- **ACTION ITEM**
The first line of the listing opens the range and the line with "Μπέσιος, Κώτσος 1997), χωρίς" closes it; repeat those lines and all between them word for word, leaving out the pictures.

- **SUPPLIED DATA**
________________________________________
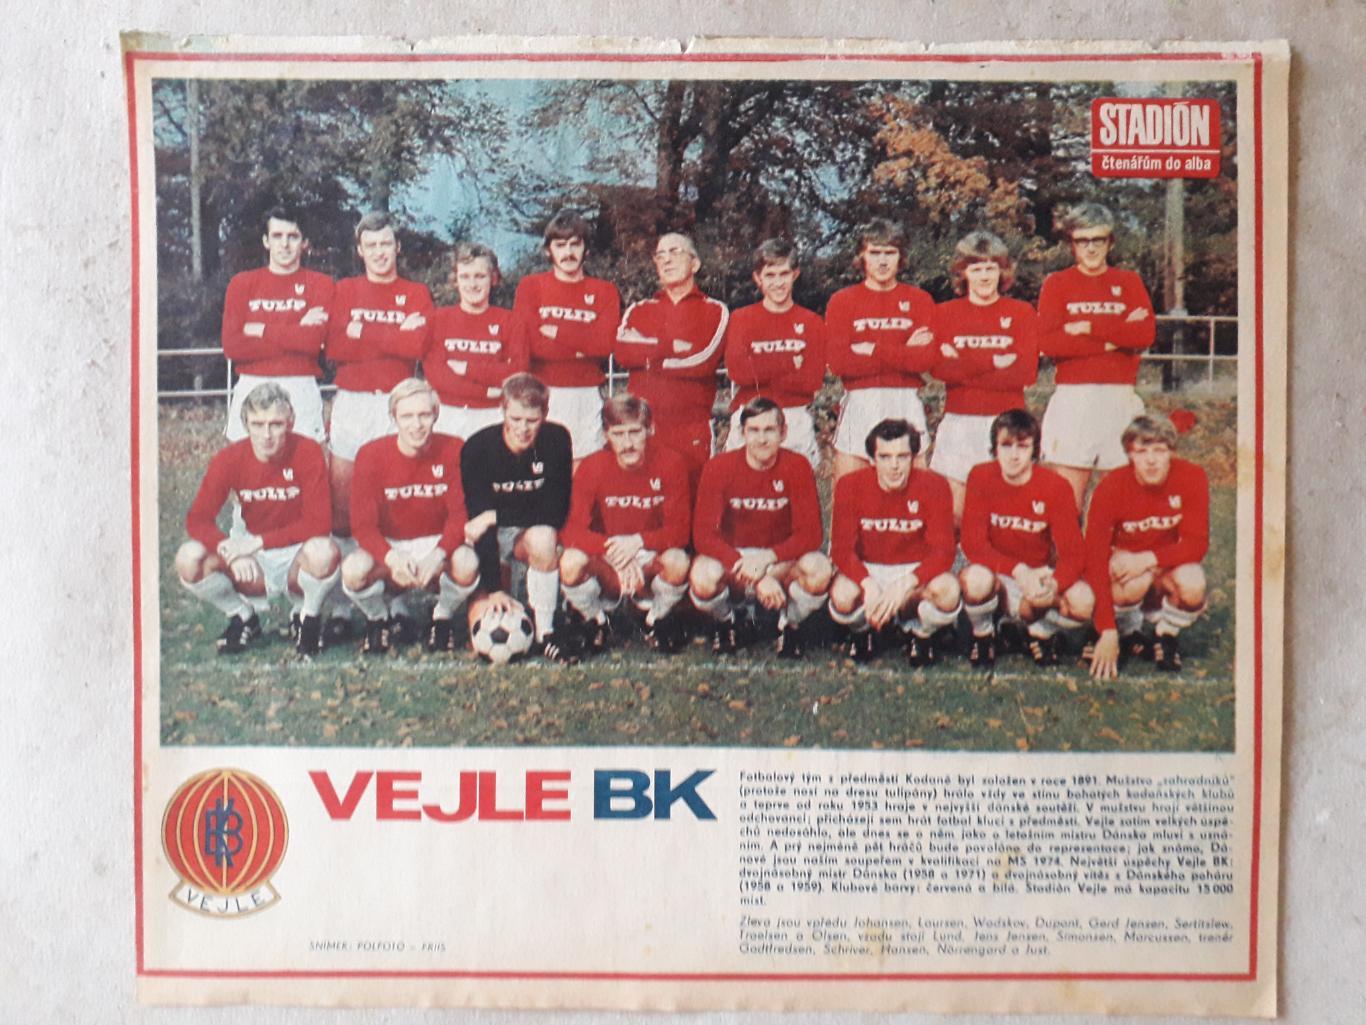 Постер из журнала Stadion- Vejle BK
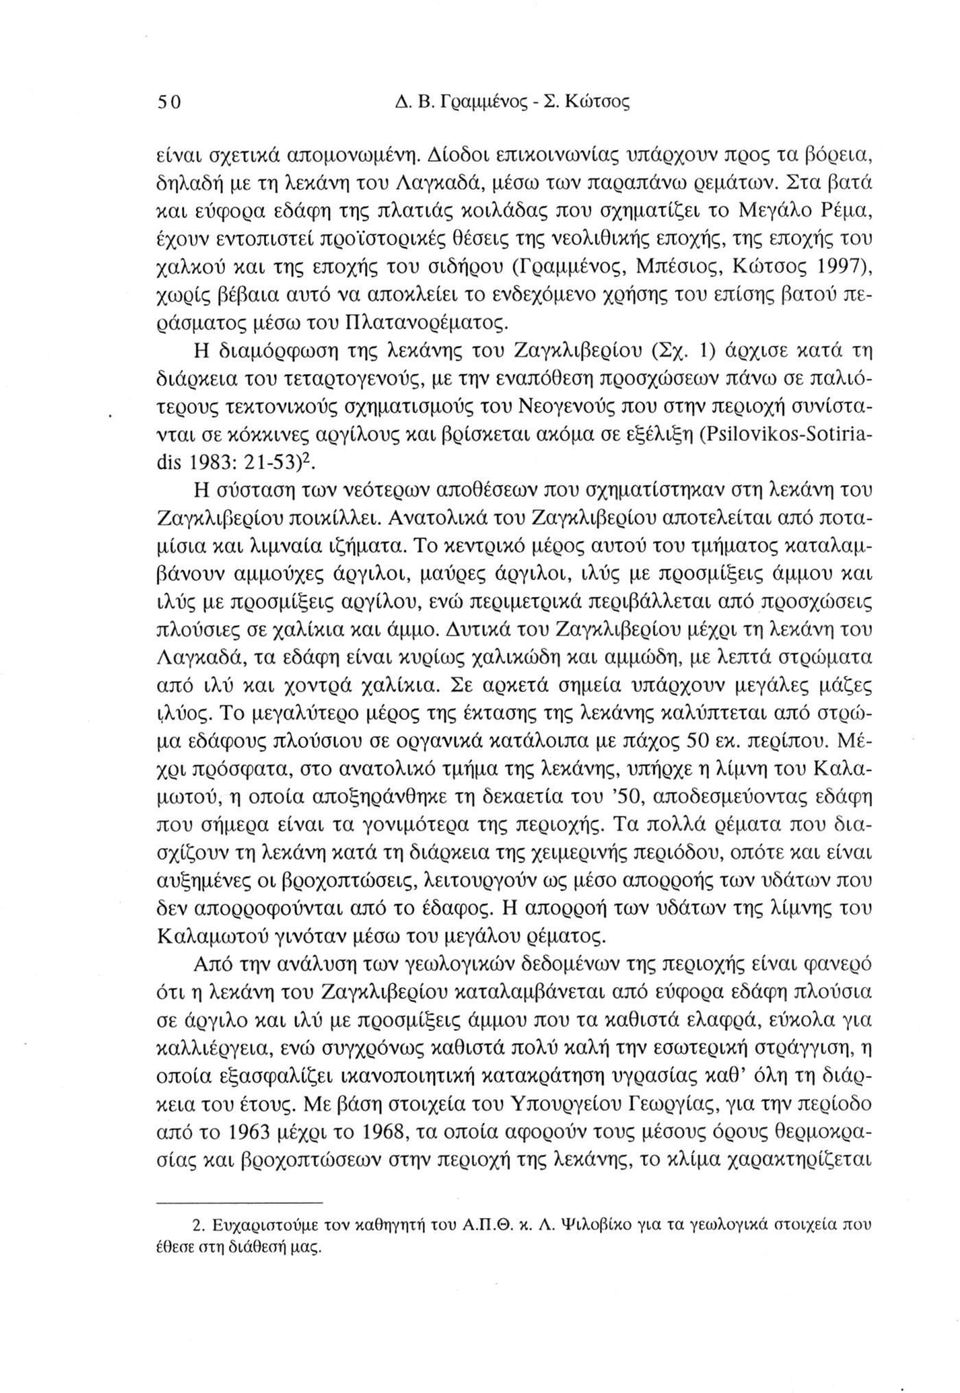 Μπέσιος, Κώτσος 1997), χωρίς βέβαια αυτό να αποκλείει το ενδεχόμενο χρήσης του επίσης βατού περάσματος μέσω του Πλατανορέματος. Η διαμόρφωση της λεκάνης του Ζαγκλιβερίου (Σχ.
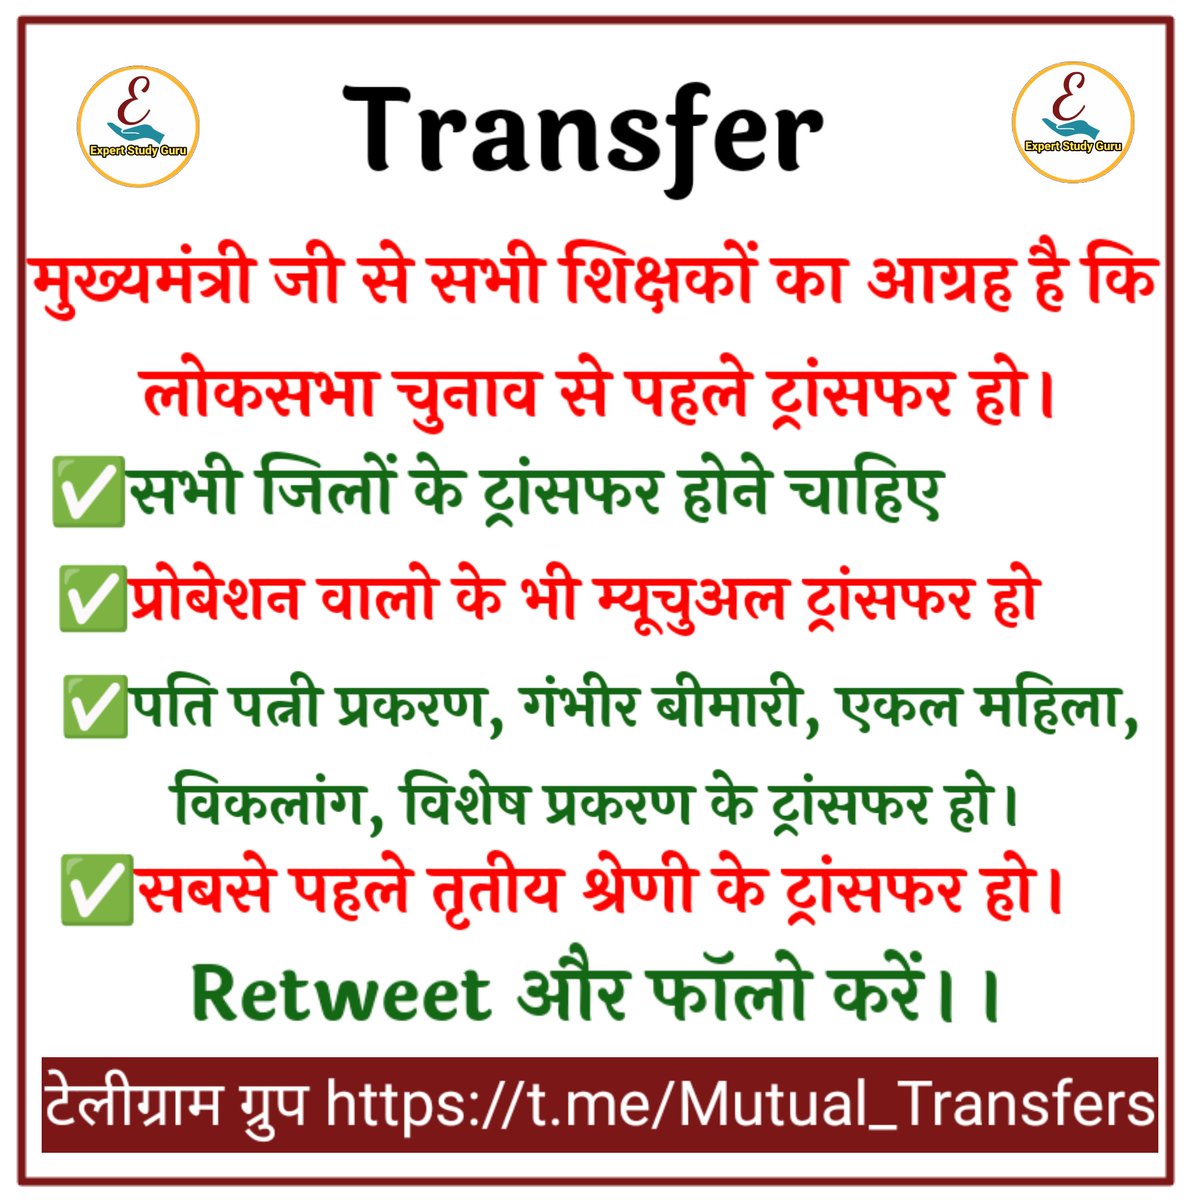 #शिक्षक_तबादले के लिए राजस्थान के सब शिक्षको की उम्मीद अब लोकसभा चुनाव से पहले ट्रांसफर की है। मुख्यमंत्री जी लाखो शिक्षको की पुकार सुने। @BhajanlalBjp @ExpertStudyGuru @MaurayKiran अगर आप शिक्षक है तो रिट्विट और फॉलो जरूर करे Join Group 👇👇👇 t.me/Mutual_Transfe…
________________________________________
- **WRITTEN ANSWER**
 Постер из журнала Stadion- Vejle BK
 Μπέσιος, Κώτσος 1997), χωρίς βέβαια αυτό να αποκλείει το ενδεχόμενο χρήσης του επίσης βατού περάσματος μέσω του Πλατανορέματος. Η διαμόρφωση της λεκάνης του Ζαγκλιβερίου (Σχ.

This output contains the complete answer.